_Data segment_.
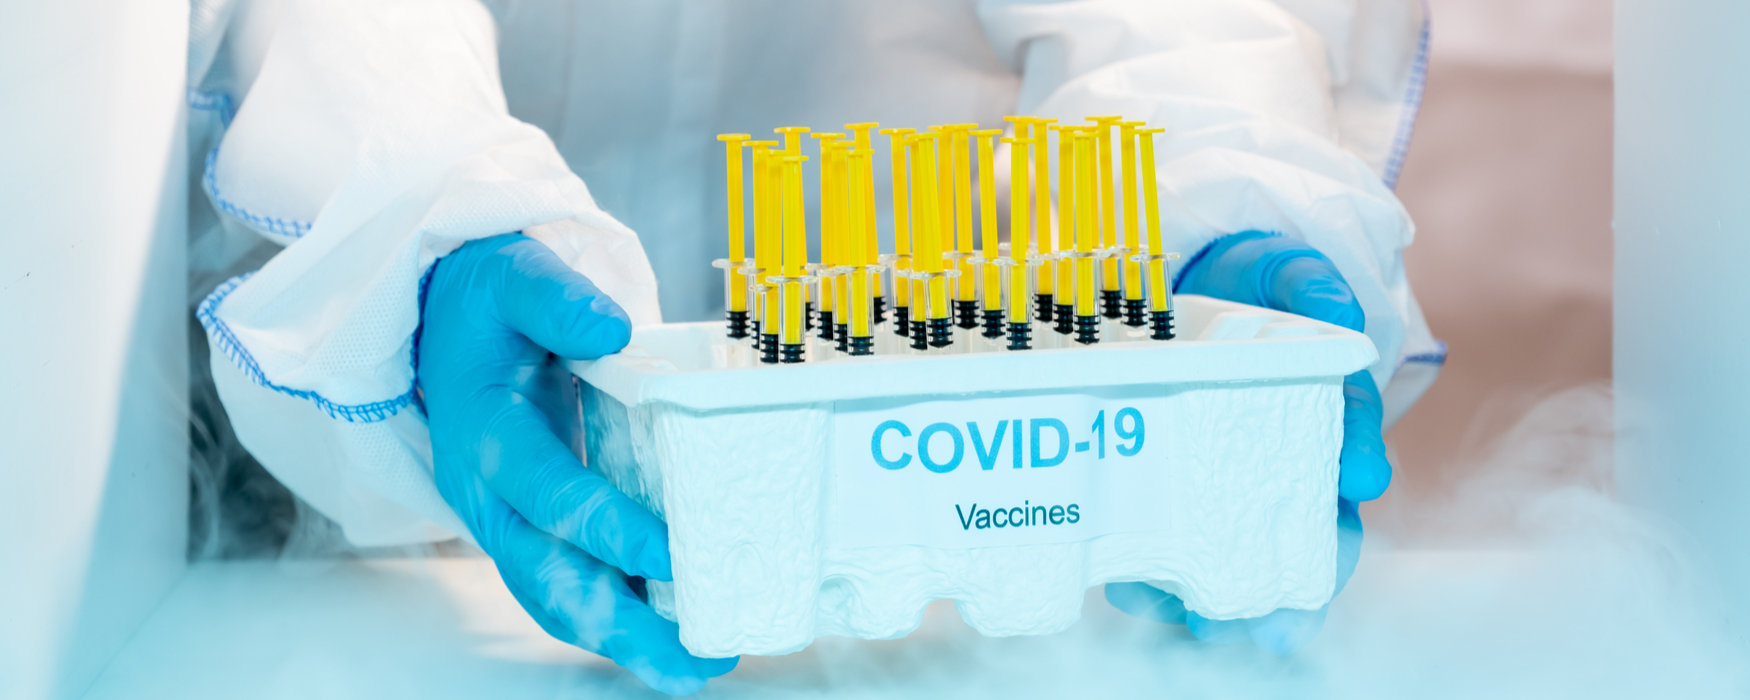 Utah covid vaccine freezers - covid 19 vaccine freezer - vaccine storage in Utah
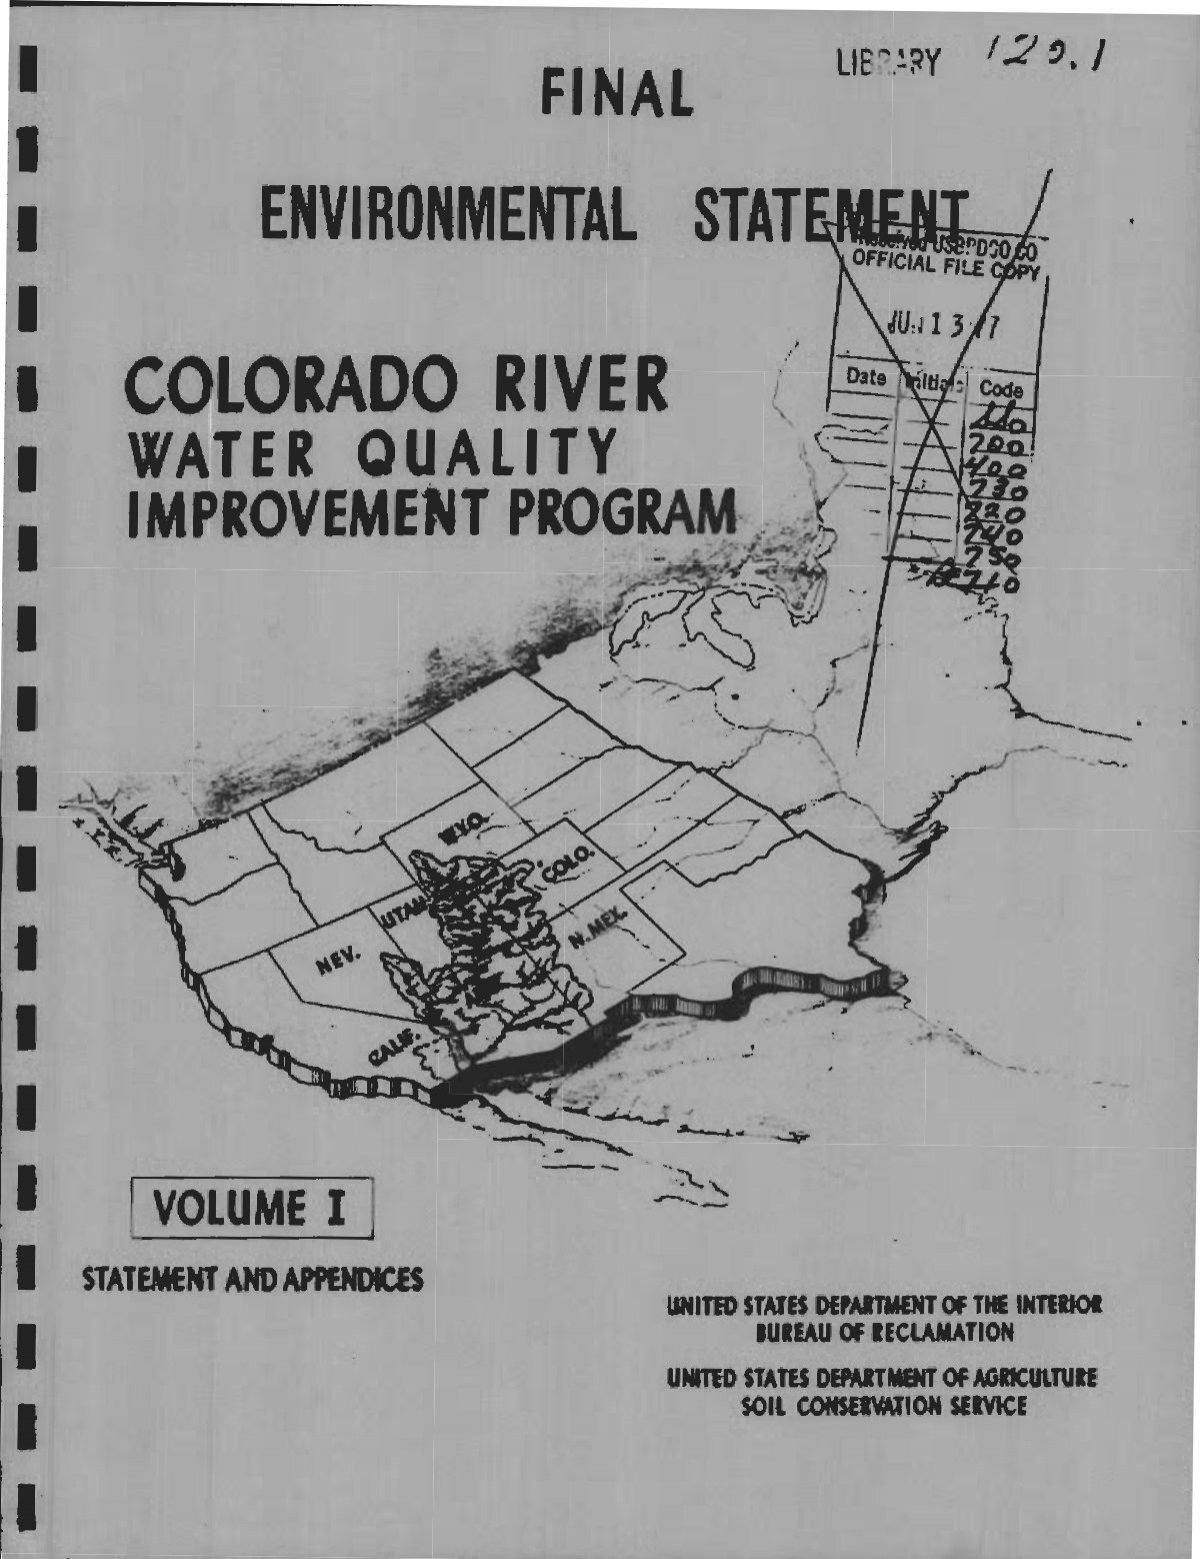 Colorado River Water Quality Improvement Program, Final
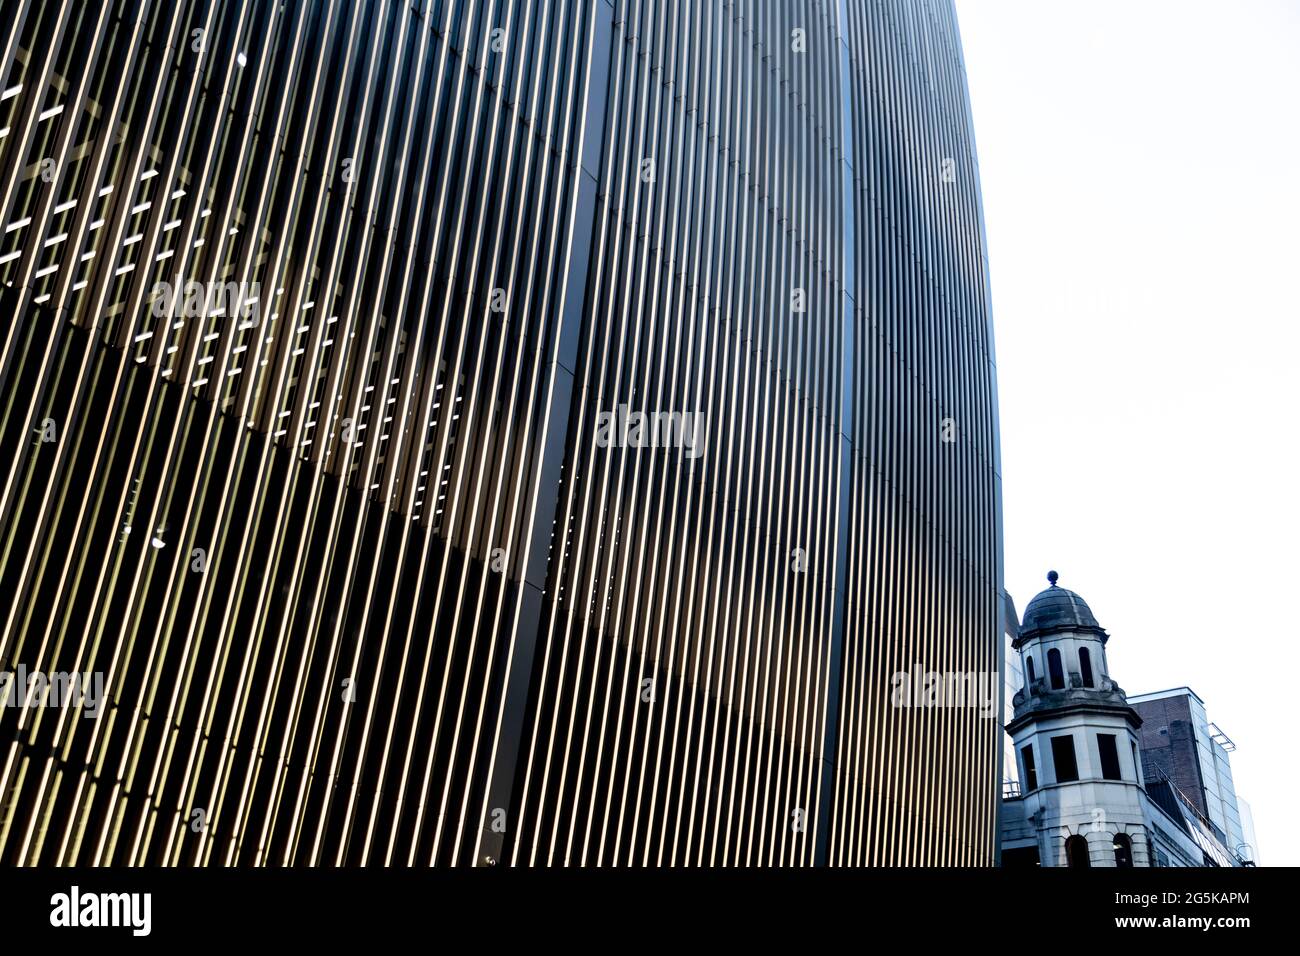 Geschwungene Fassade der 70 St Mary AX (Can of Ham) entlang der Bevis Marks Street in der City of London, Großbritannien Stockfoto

_Instructions to follow_. The data above, line by line: transcribe it exactly and drop the pictures.

_Task response_.
 Utah covid vaccine freezers - covid 19 vaccine freezer - vaccine storage in Utah
 Colorado River Water Quality Improvement Program, Final
 Geschwungene Fassade der 70 St Mary AX (Can of Ham) entlang der Bevis Marks Street in der City of London, Großbritannien Stockfoto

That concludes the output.